During the thinking and analysis of some mathematical problems, I came up with this puzzle:

![enter image description here][1]

Just like any magic square, one has to fill in $9$ different numbers $P_1, P_2, \dots P_9$ to a $3 \times 3$ grid. But this time, all the numbers must be **different prime numbers**. In addition, the $8$ sums ($3$ horizontal, $3$ vertical and $2$ diagonal) must not only be **different prime numbers** among themselves, but also be different from the $9$ numbers in the grid. In other words, $P_1, P_2, \dots, P_9, S_1, S_2, \dots, S_8$ must be **all different prime numbers**.

I suppose there are infinitely many solutions, so the challenge is to minimize the sum $S_1 + S_2 + \dots + S_8$. Here is one answer I found:

![enter image description here][2]

The total of the $8$ sums is $480$. I believe there are very likely solutions that can beat this total. You are welcome to have a try.

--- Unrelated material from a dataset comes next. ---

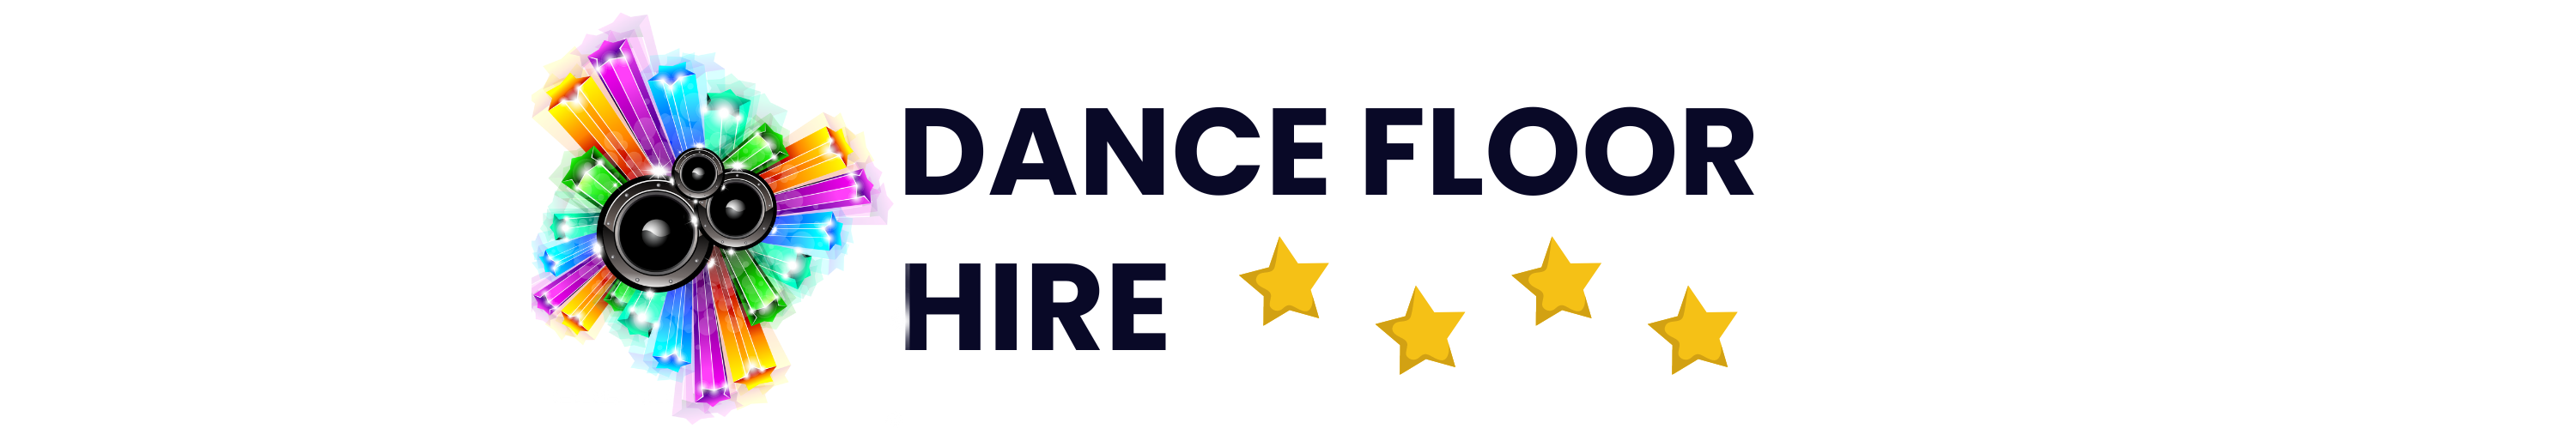 Dance Floor Logo

***Update (plus Spoiler Alert):*** It was verified (using computer program) that one of the answers here (the accepted answer) is the optimal solution that cannot be beaten. There are $8$ optimal solutions, but actually they are the same because if you rotate one of the solutions by $90$, $180$ and $270$ degrees, and also horizontally flip each of the resulting grid, you will get all $8$ answers. Hence the "open-ended" tag has been removed.

  [1]: https://i.sstatic.net/iTc0s.png
  [2]: https://i.sstatic.net/cj1yE.png